INPUT DATA:
-- Opening Marker --
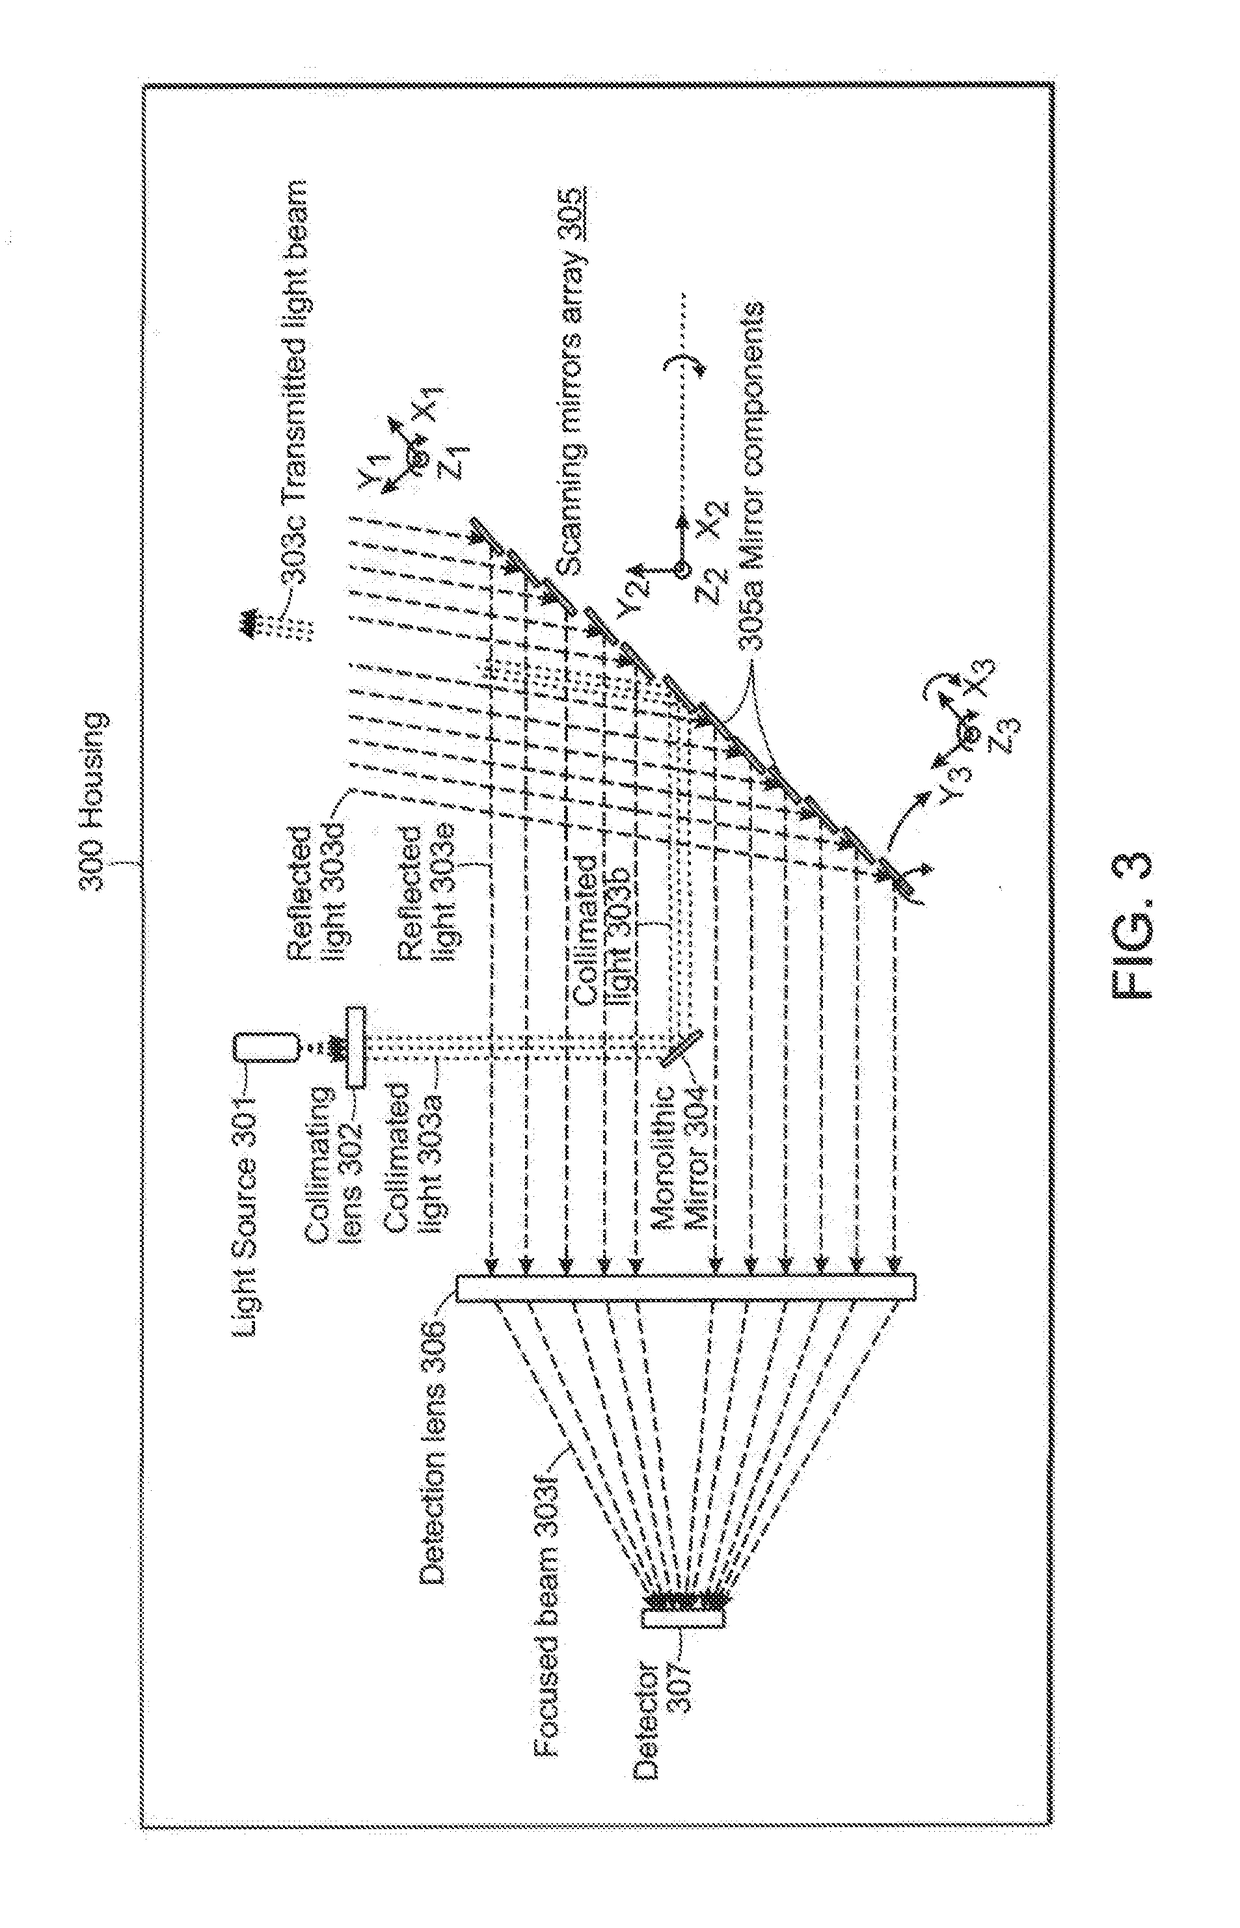 LIDAR Device Based on Scanning Mirrors Array and Multi-Frequency Laser Modulation
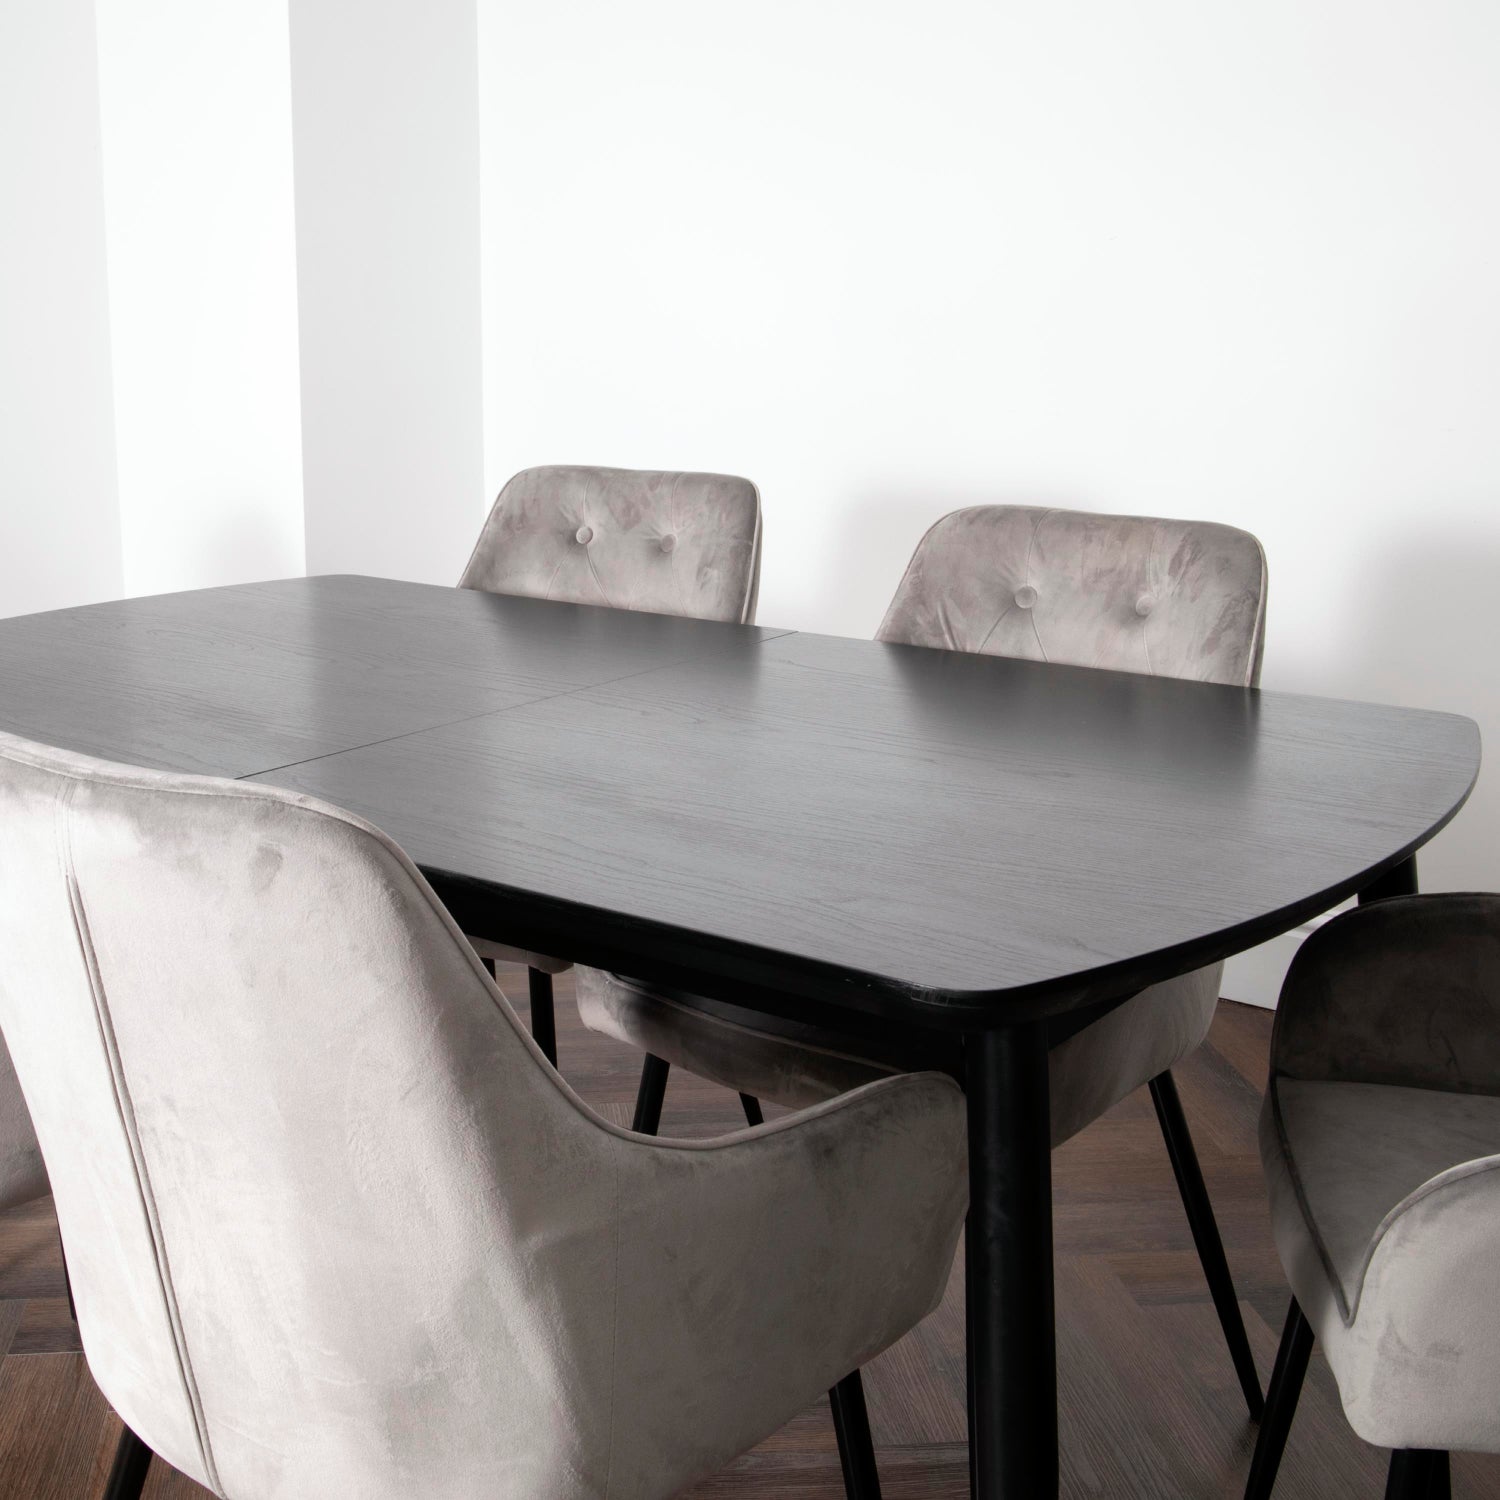 Oxford dark ash dining table by Native
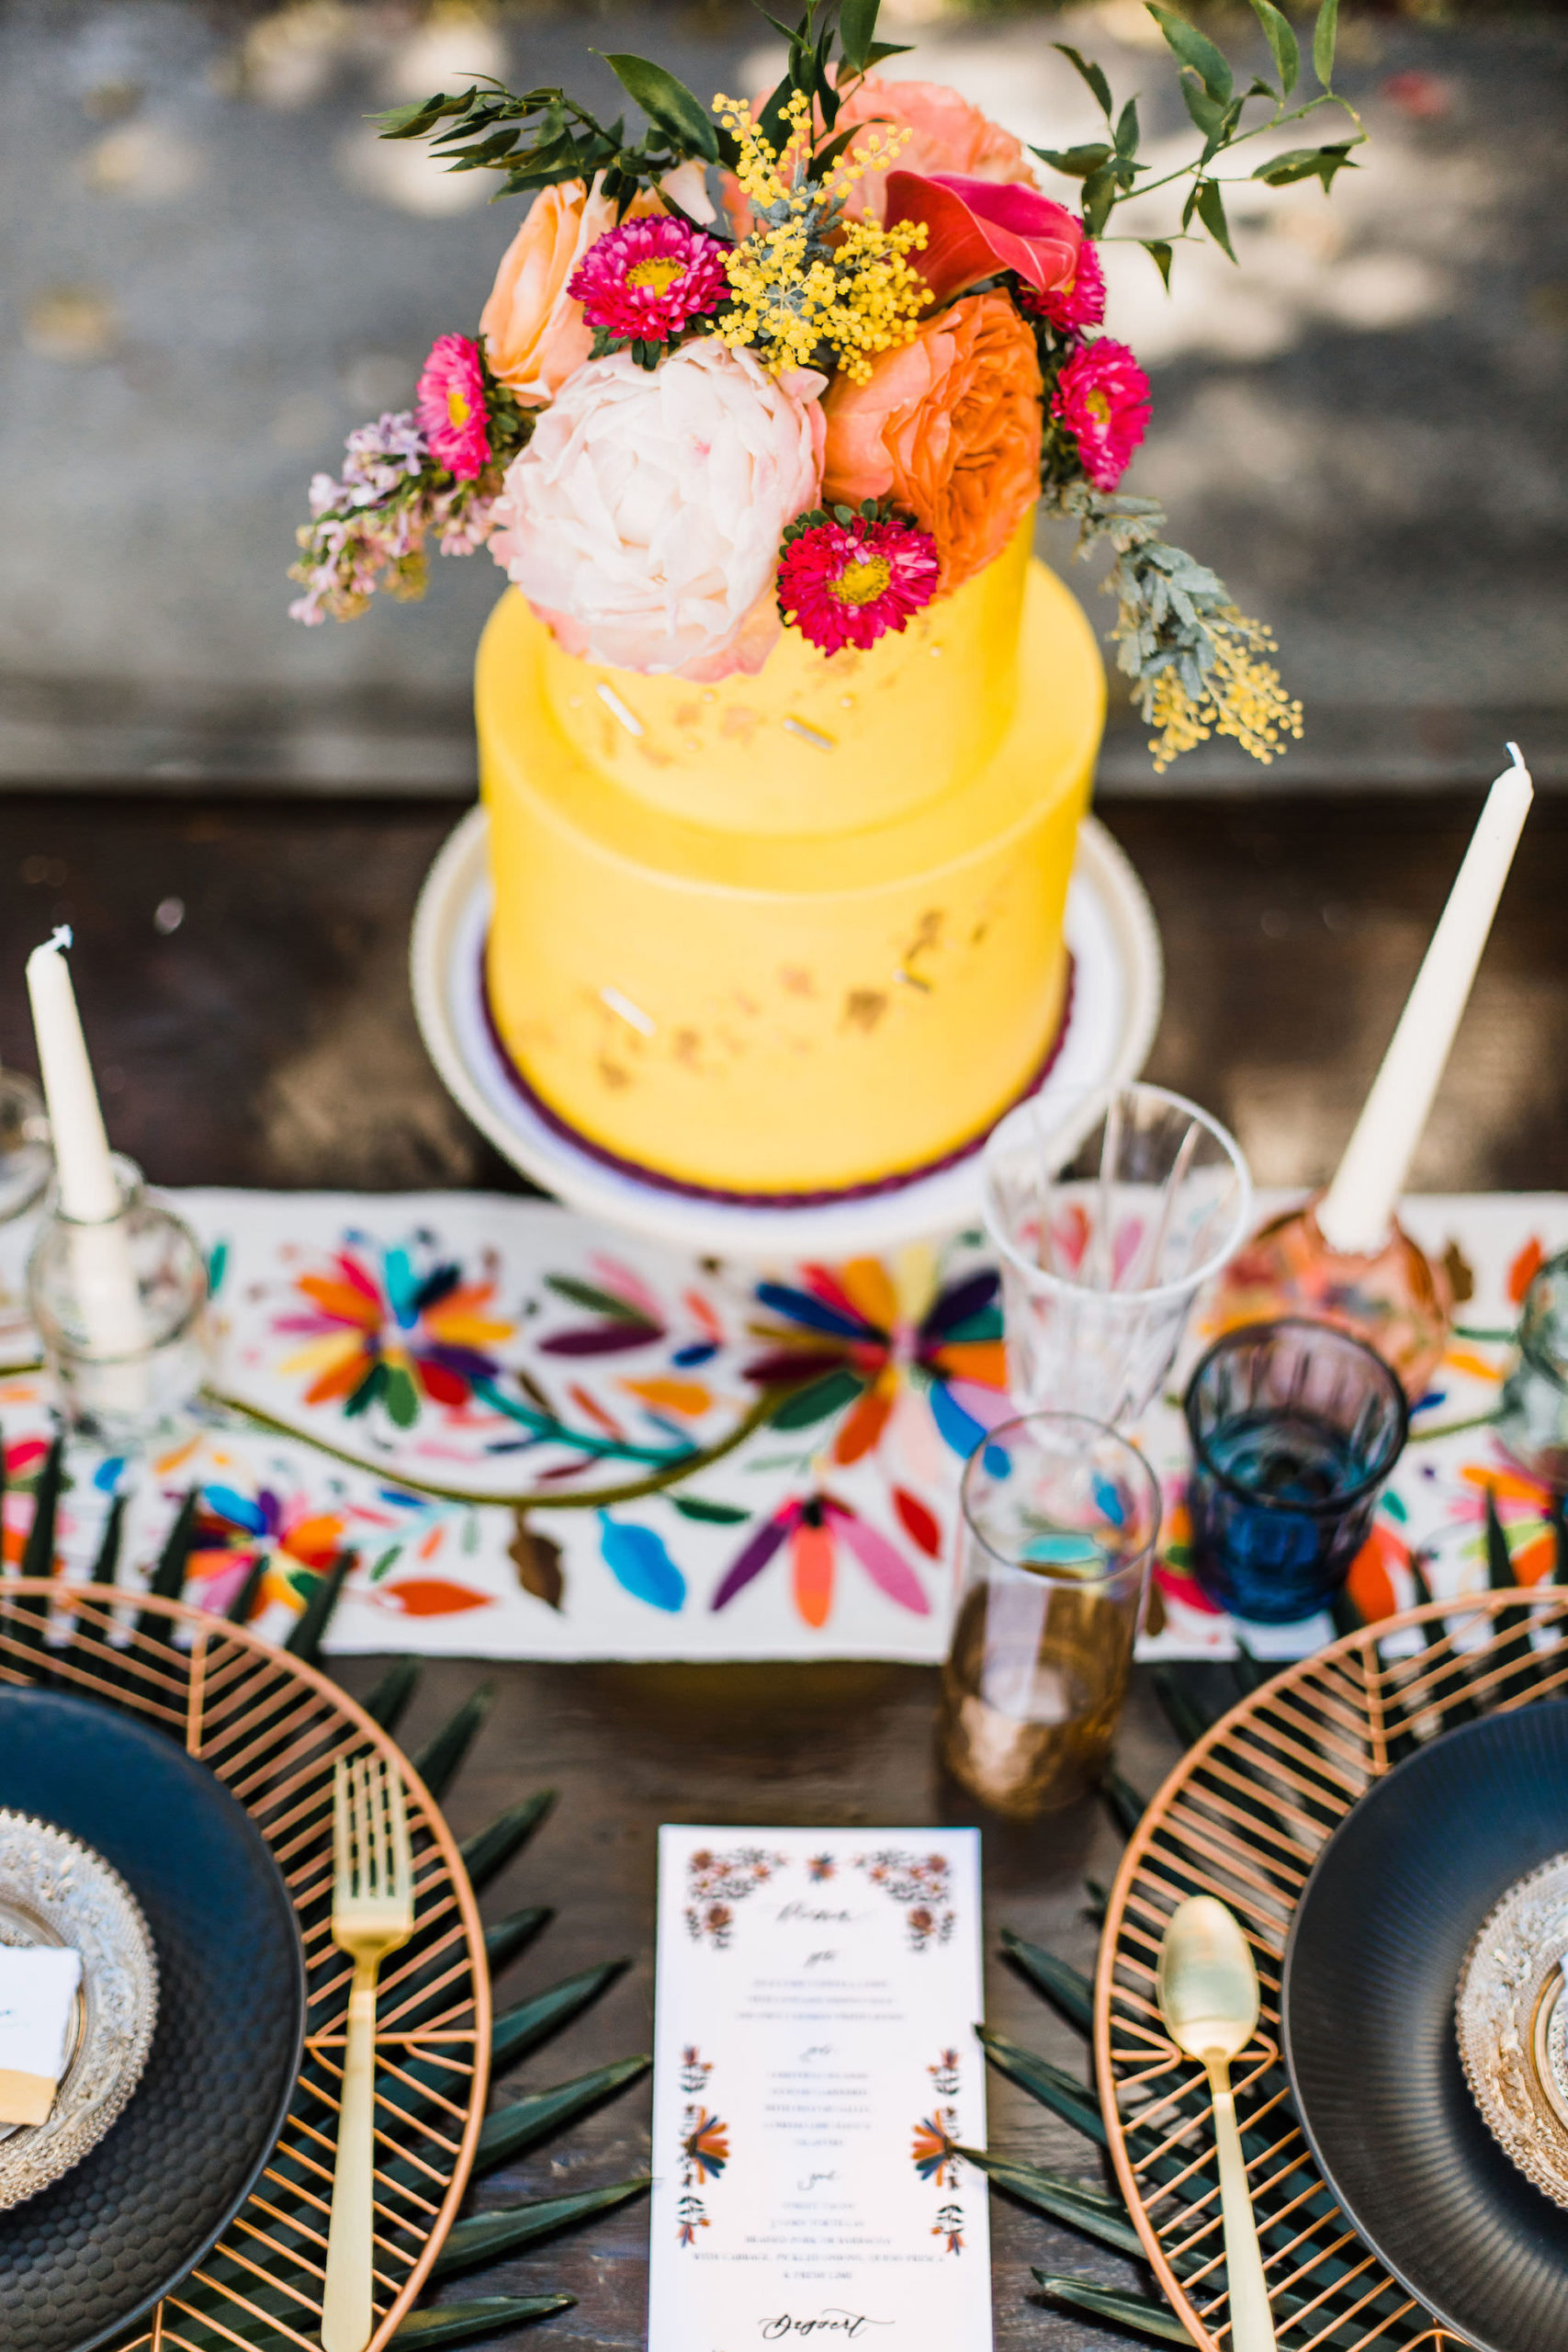 Mexican Inspired Wedding Reception Decor with Modern Geometric Plate Charger with Whimsical Accent Decor and Yellow Two Tiered Cake with Tropical Flowers and Greenery
-- Closing Marker --
WHAT IS BEING ASKED: Using the data above, write out every line exactly, leaving the images behind.

TASK RESULT:
 LIDAR Device Based on Scanning Mirrors Array and Multi-Frequency Laser Modulation
 Oxford dark ash dining table by Native
 Mexican Inspired Wedding Reception Decor with Modern Geometric Plate Charger with Whimsical Accent Decor and Yellow Two Tiered Cake with Tropical Flowers and Greenery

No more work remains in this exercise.